Creates the save path for the image artifact.

__save_image(**kwargs)

Saves the processed image.

process_results(**kwargs)

Processes the image results based on its type (chart, formula, or general image).

Parameters:

  • save_dir (str) –

    Directory to save OCR artifacts.

TableRecognizer

Bases: OCR

Class for recognizing and organizing table data from images.

Attributes:

  • config (dict) –

    Configuration for table OCR model.

  • model (PaddleOCR) –

    Instance of PaddleOCR model.

__find_column_boundaries(bboxes, tolerance=10)

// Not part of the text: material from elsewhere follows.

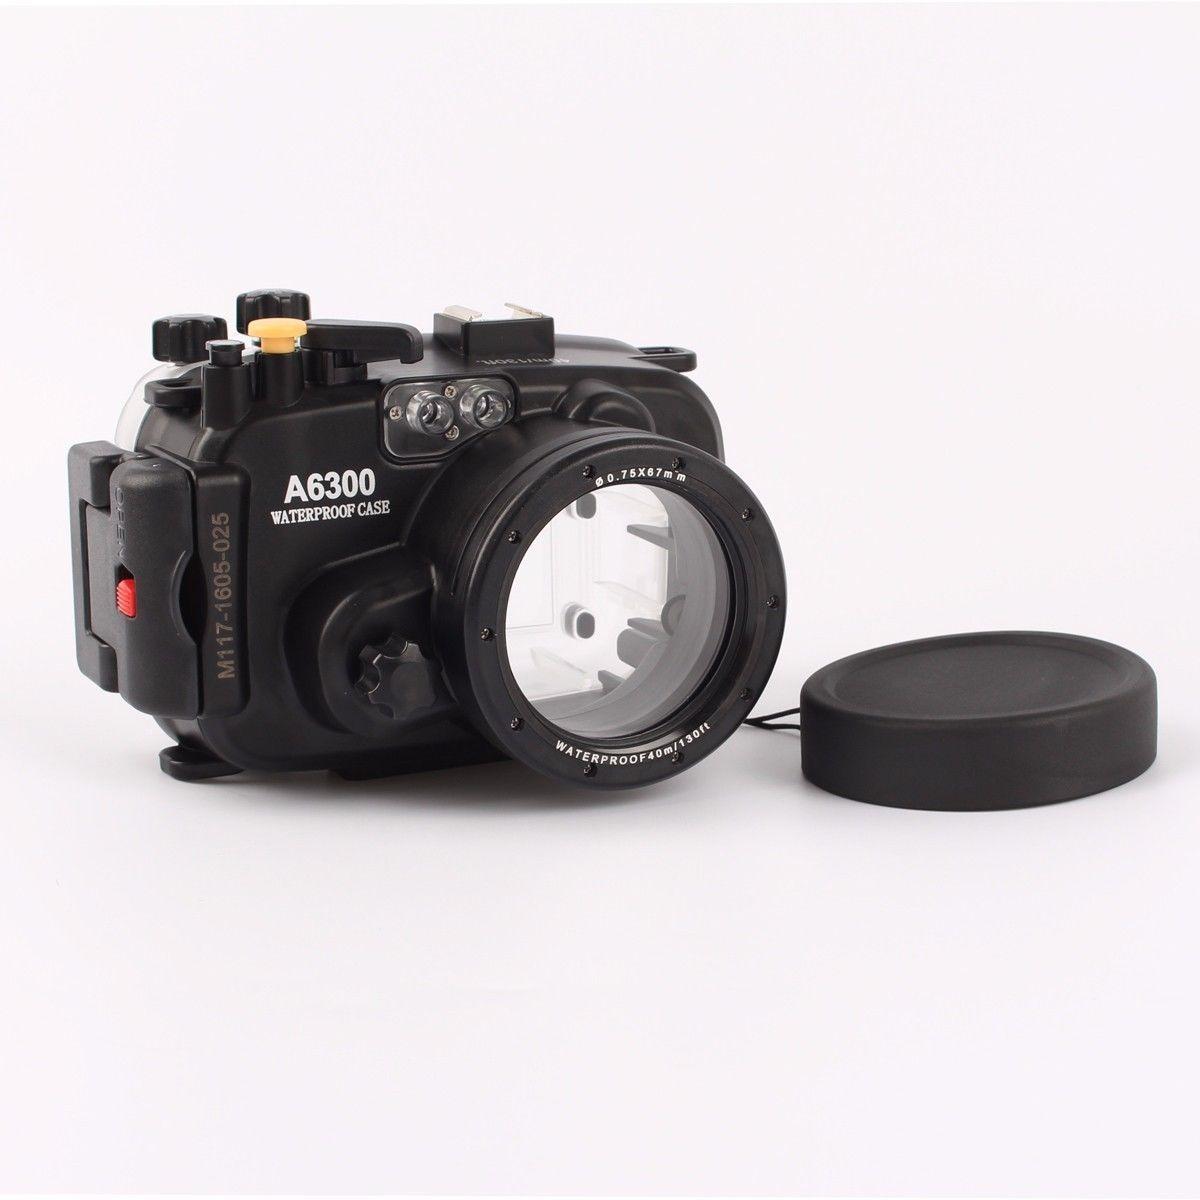 diving Waterproof Underwater Housing Camera bag Case+ Red Filter for Sony A6300 16-50mm Lens waterproof underwater housing camera bag case for sony a6000 16 50mm lens

Finds boundaries of table columns based on bounding boxes.

Parameters:

  • bboxes (Iterable[Iterable[float]]) –

    List of bounding boxes.

  • tolerance (int, default: 10 ) –

    Margin of error in pixels for boundary grouping.

Returns:

  • Iterable[float]

    Iterable[float]: Sorted list of column boundaries.

__find_header(column_boundaries, bboxes, tolerance=10)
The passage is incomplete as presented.